» TASK REQUIREMENTS
Leave every image out, and return the rest of the data word for word.

» STORED DATA
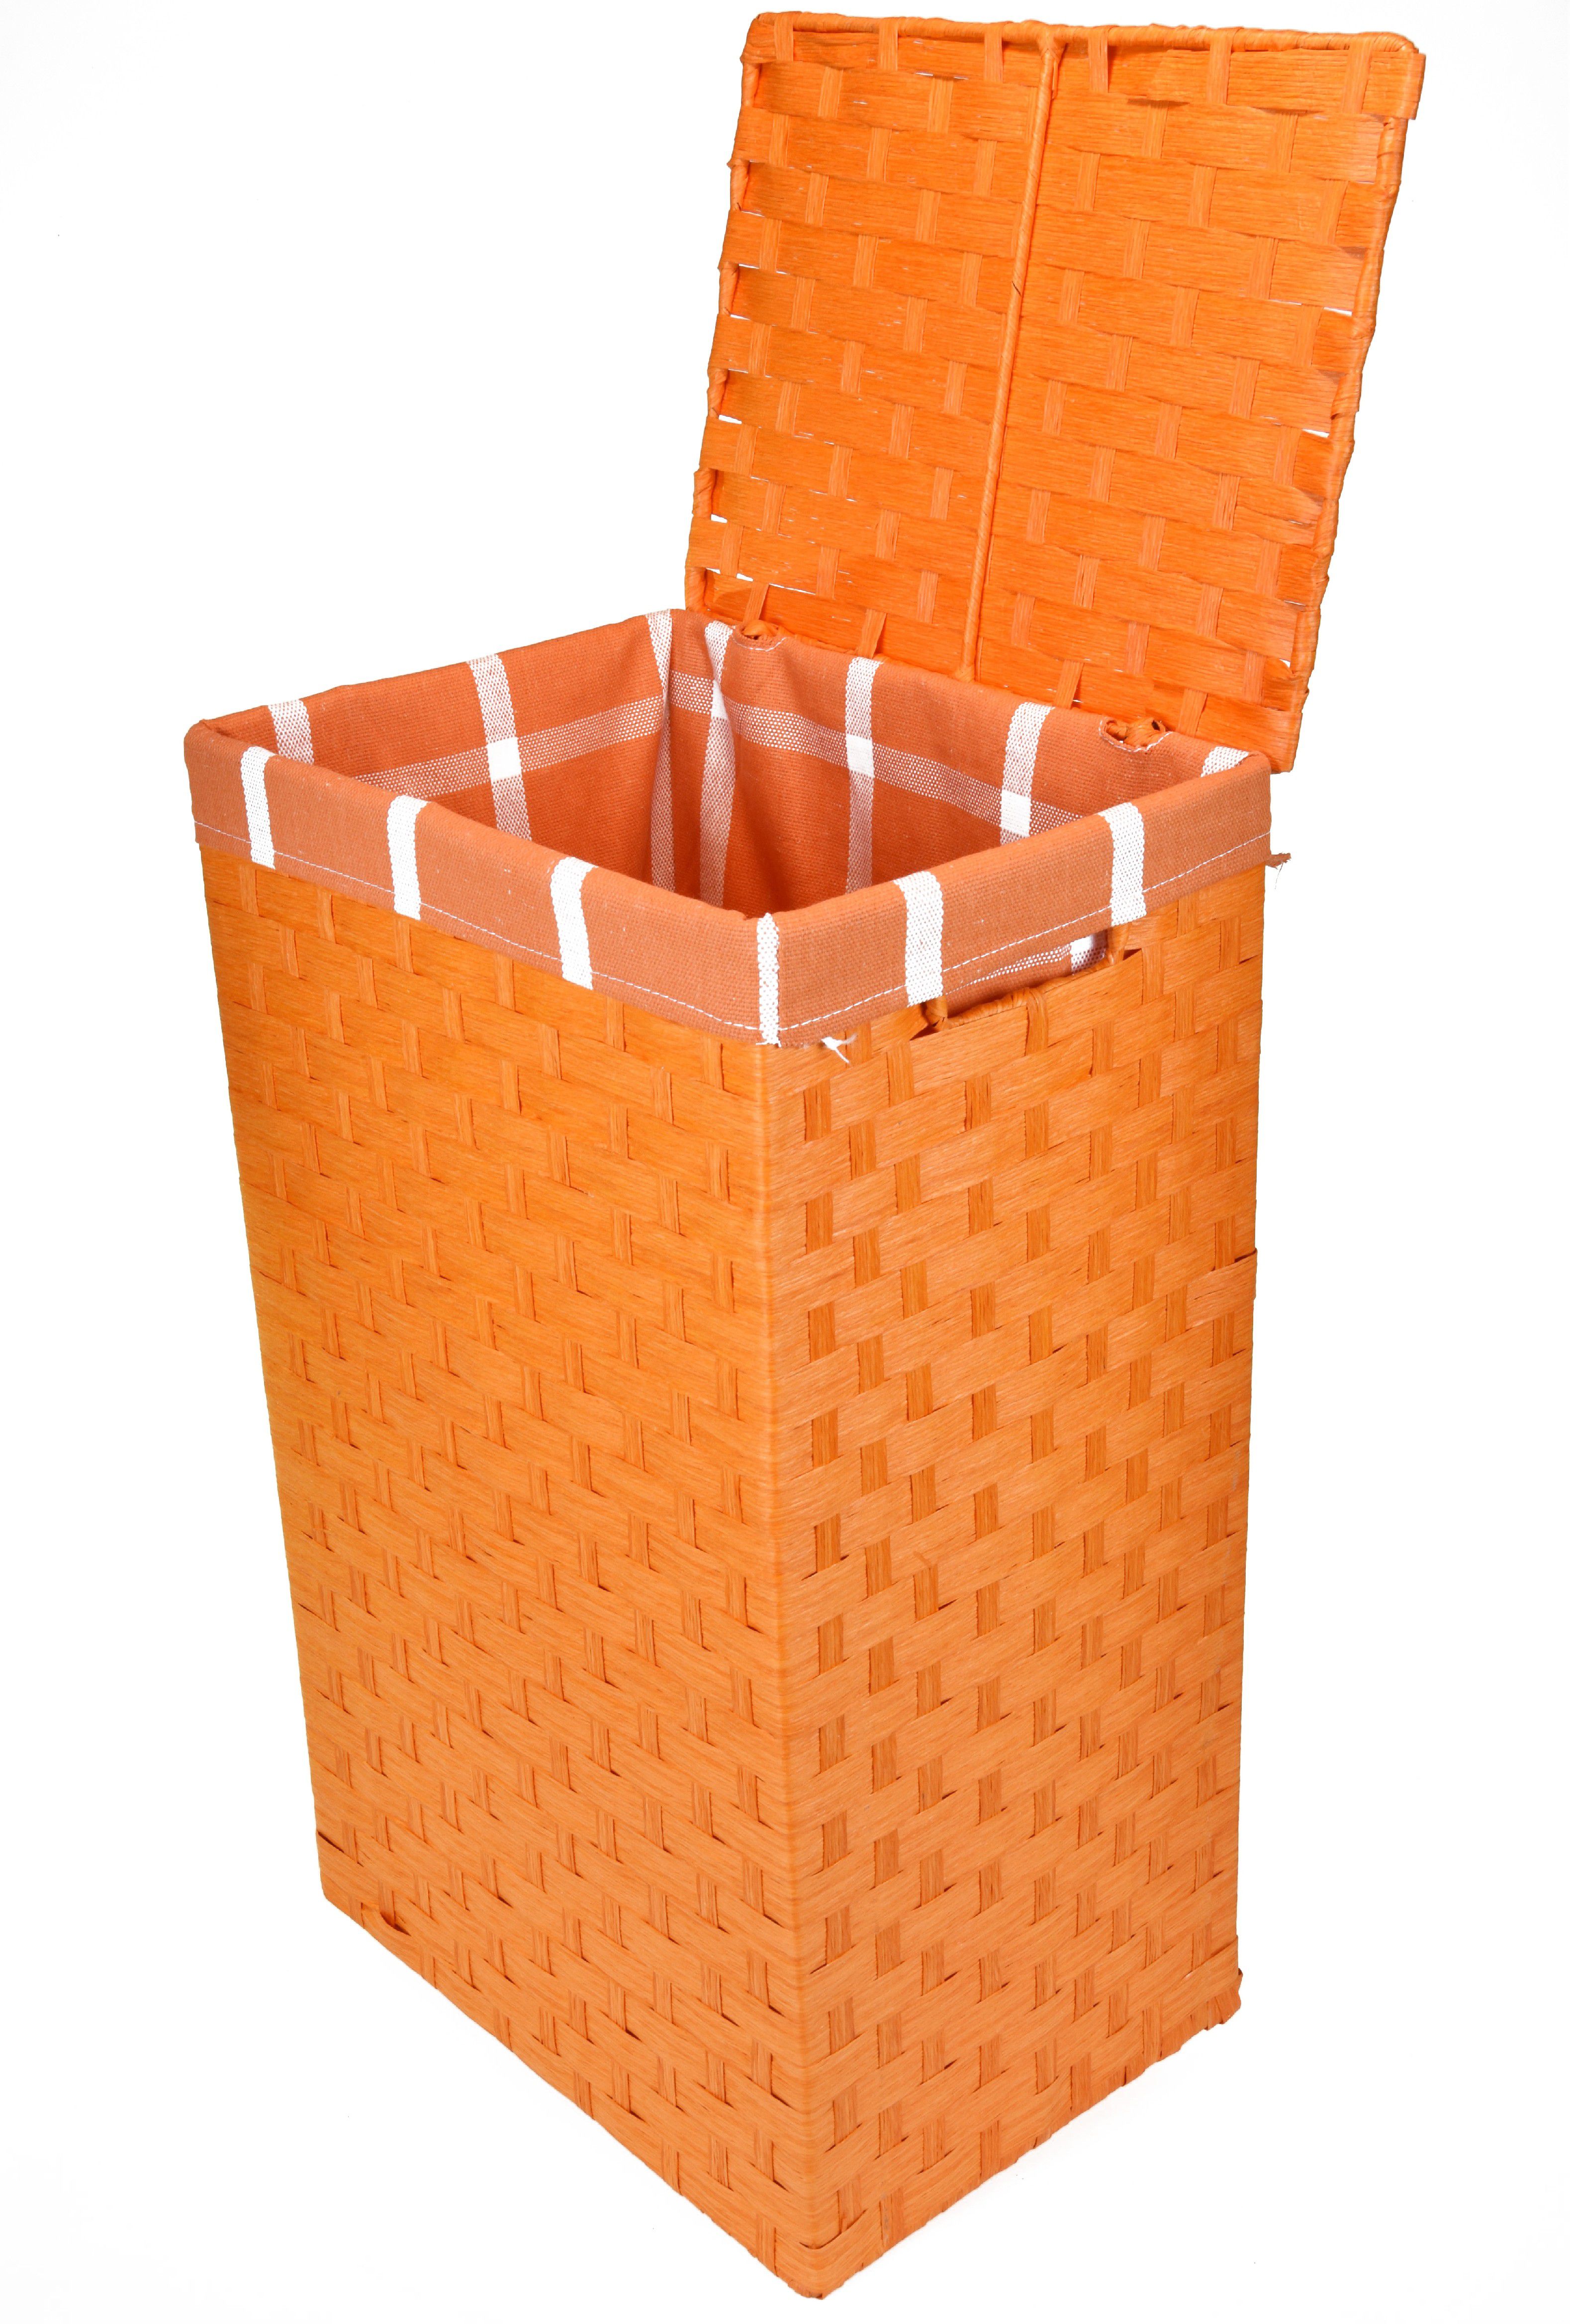 Vingo Koš na prádlo oranžový Rozměry (cm): 40x30, v. 61 - Vingo
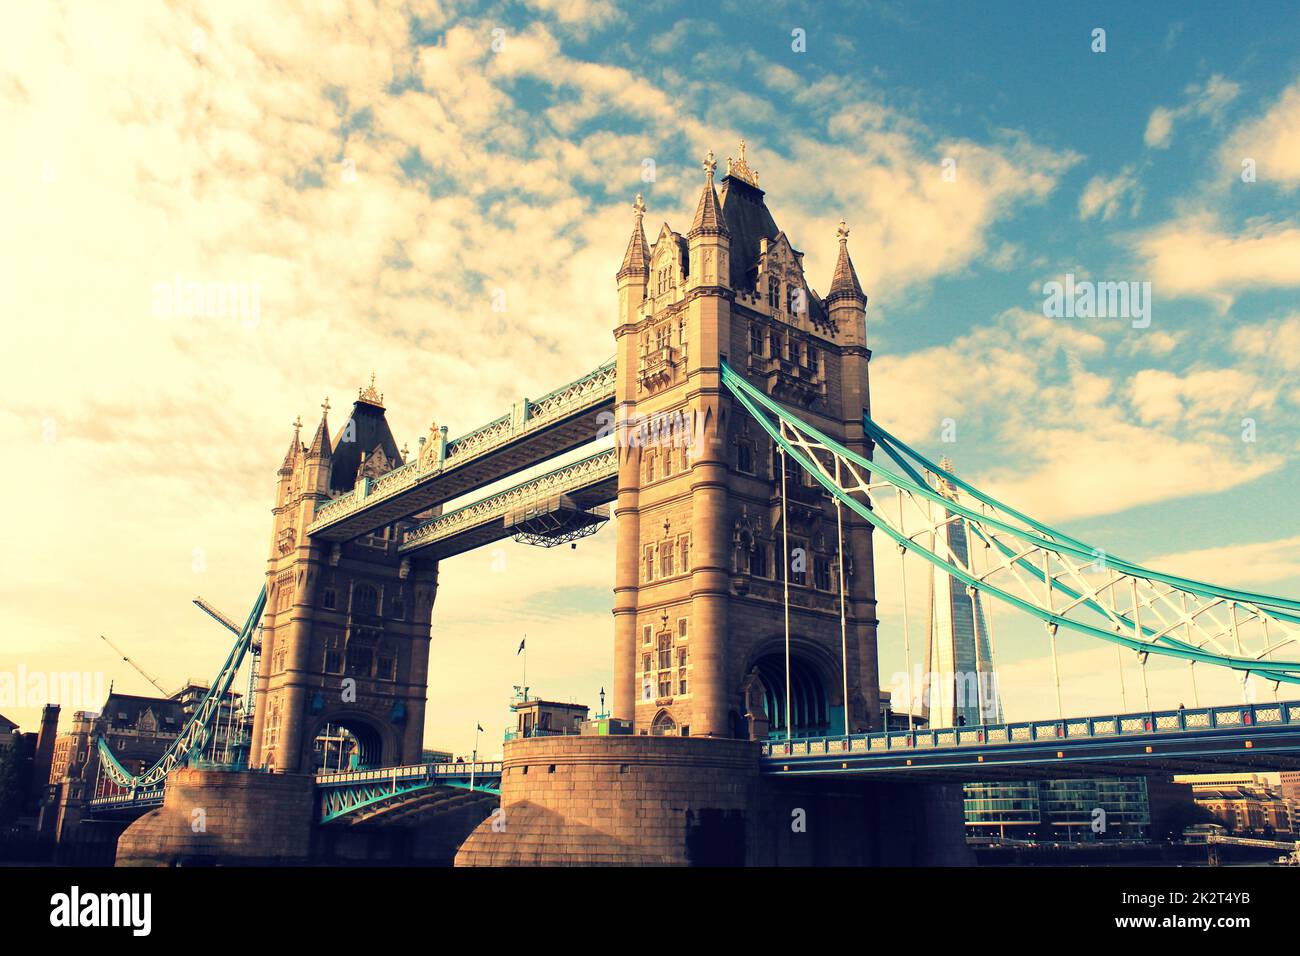 Tower Bridge à Londres, au Royaume-Uni. Coucher du soleil avec de beaux nuages. L'ouverture du pont-levis. L'un des symboles anglais Banque D'Images
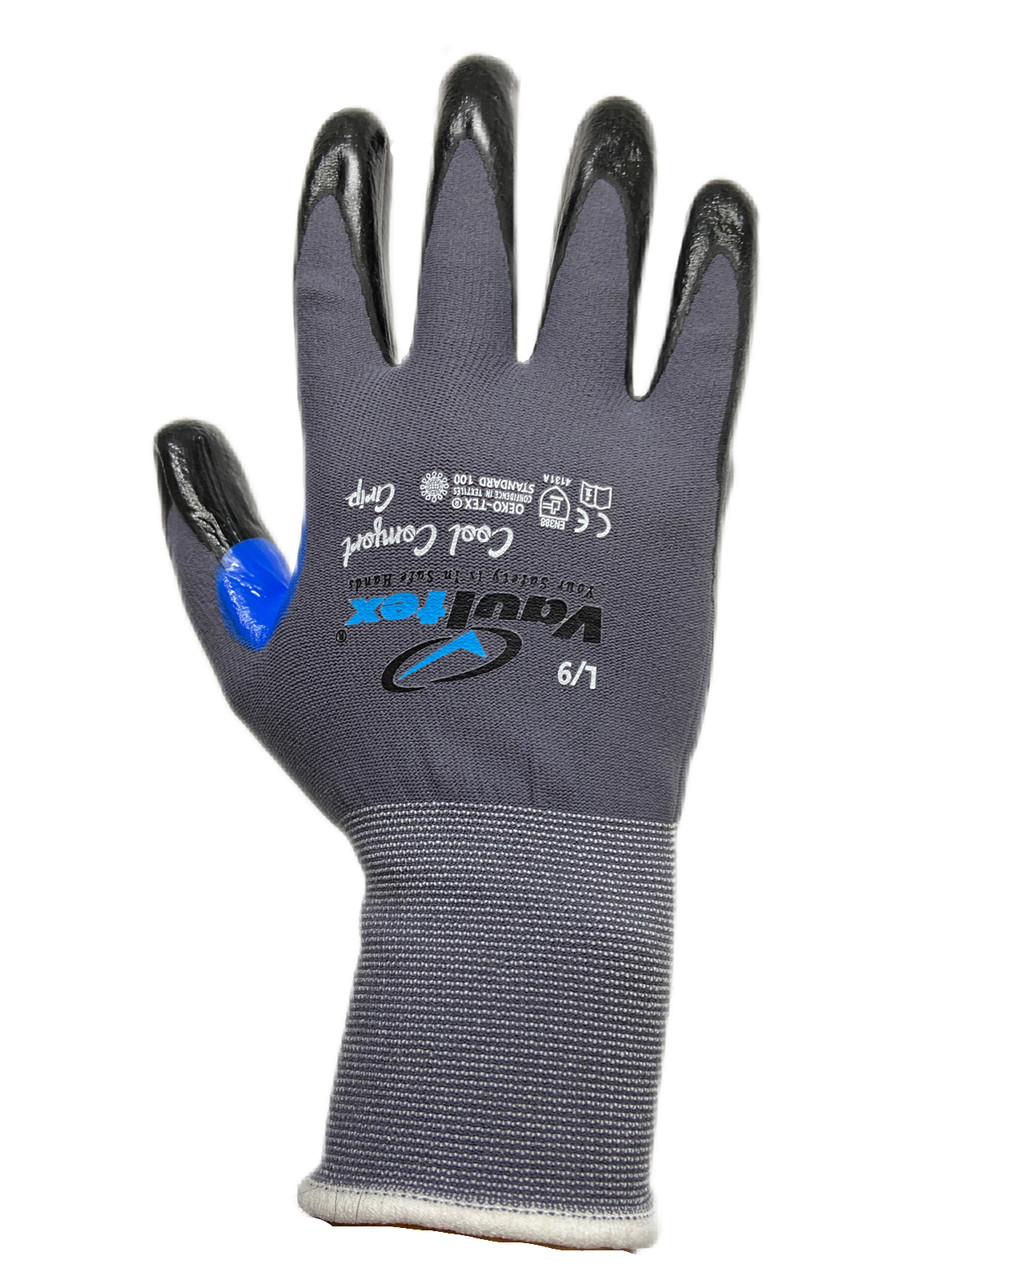 Перчатки антипорез защитные Cool Comfort Grip с нитриловым покрытием + доп защита промежности большого пальца

» EXPECTED OUTPUT
 Vingo Koš na prádlo oranžový Rozměry (cm): 40x30, v. 61 - Vingo
 Tower Bridge à Londres, au Royaume-Uni. Coucher du soleil avec de beaux nuages. L'ouverture du pont-levis. L'un des symboles anglais Banque D'Images
 Перчатки антипорез защитные Cool Comfort Grip с нитриловым покрытием + доп защита промежности большого пальца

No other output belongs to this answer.